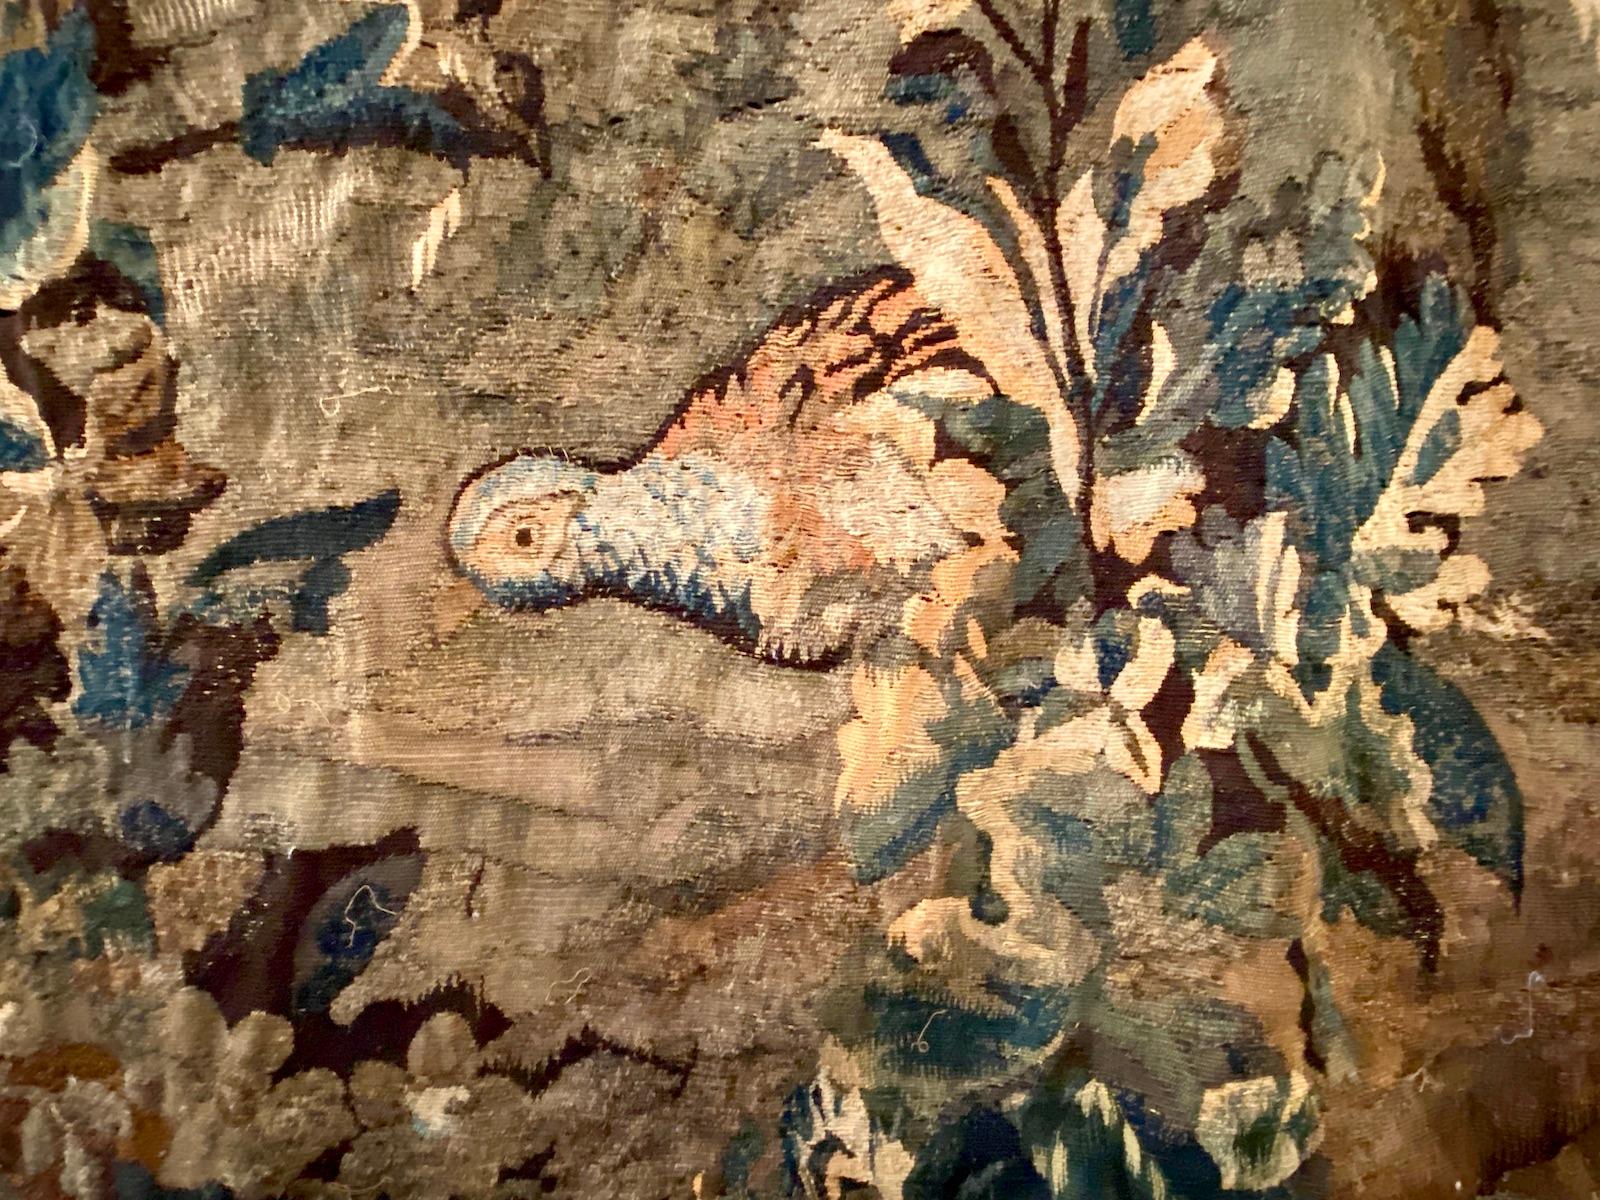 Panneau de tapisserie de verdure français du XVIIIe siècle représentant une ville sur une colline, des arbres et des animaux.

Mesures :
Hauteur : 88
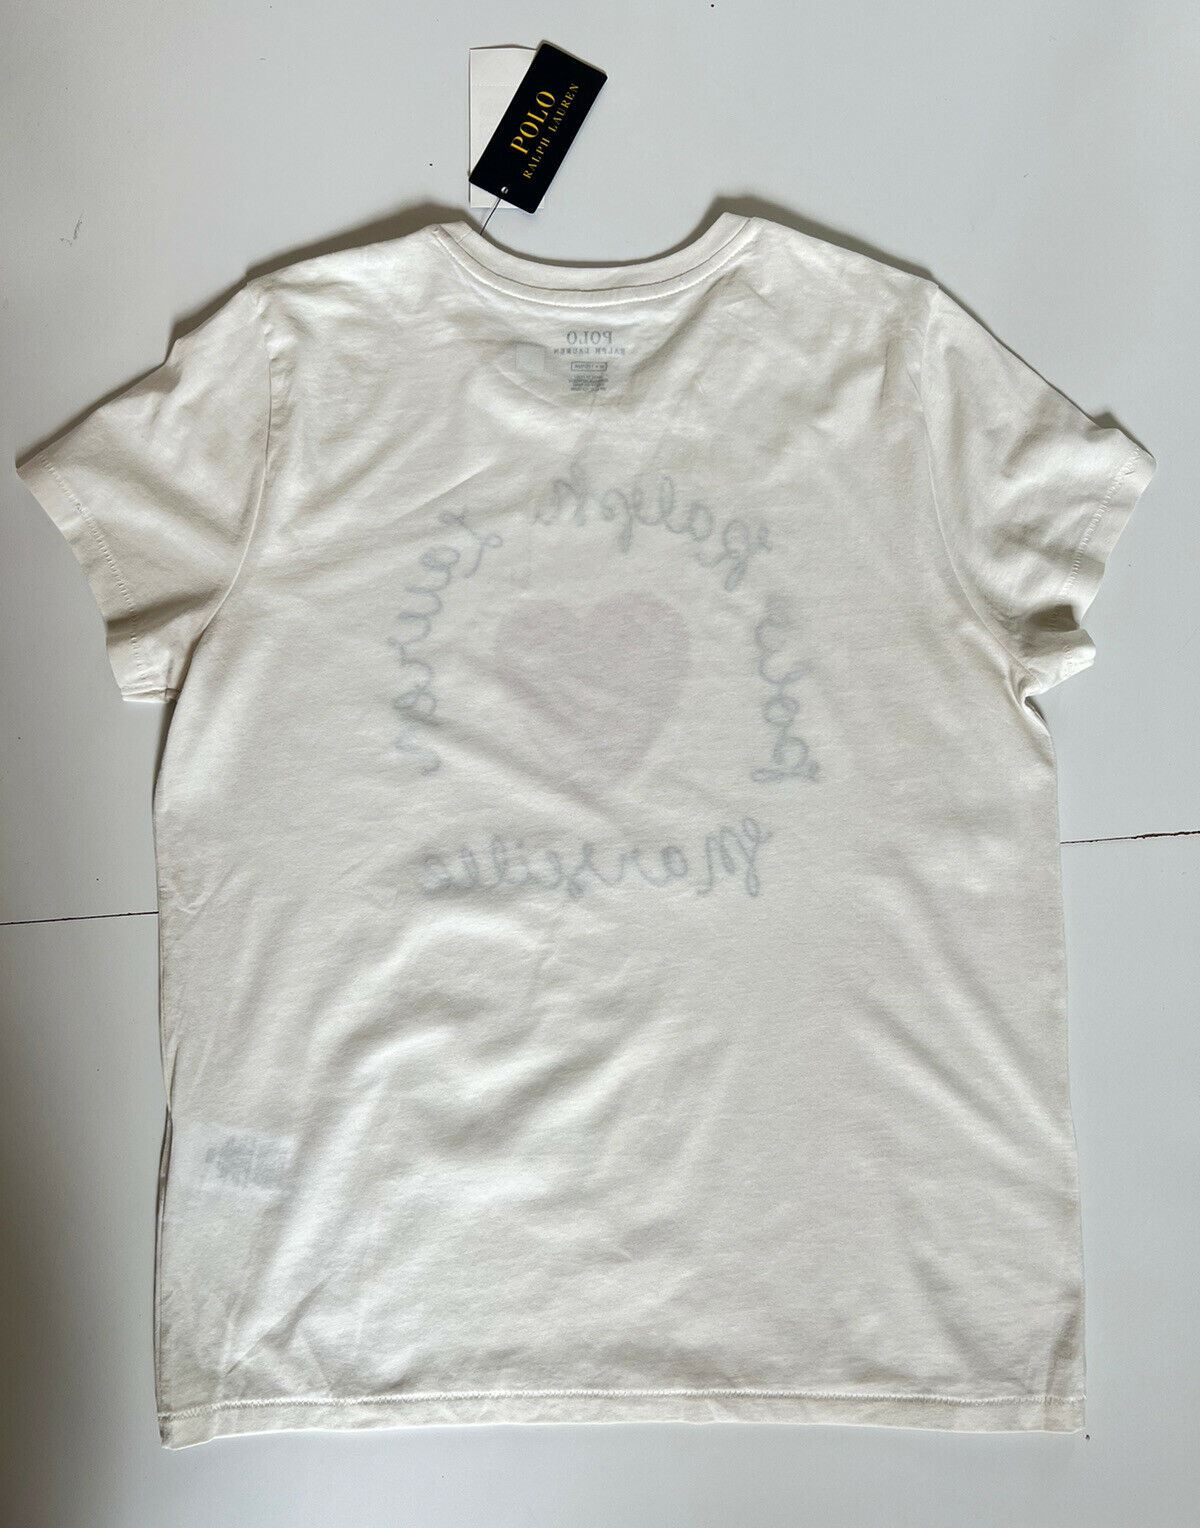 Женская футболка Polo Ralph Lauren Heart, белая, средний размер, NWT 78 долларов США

*Task instructions*:
Give back the whole listing exactly; no pictures.

*Written solution*:
 Panneau de tapisserie de verdure français du XVIIIe siècle représentant une ville sur une colline, des arbres et des animaux.

Mesures :
Hauteur : 88
 Женская футболка Polo Ralph Lauren Heart, белая, средний размер, NWT 78 долларов США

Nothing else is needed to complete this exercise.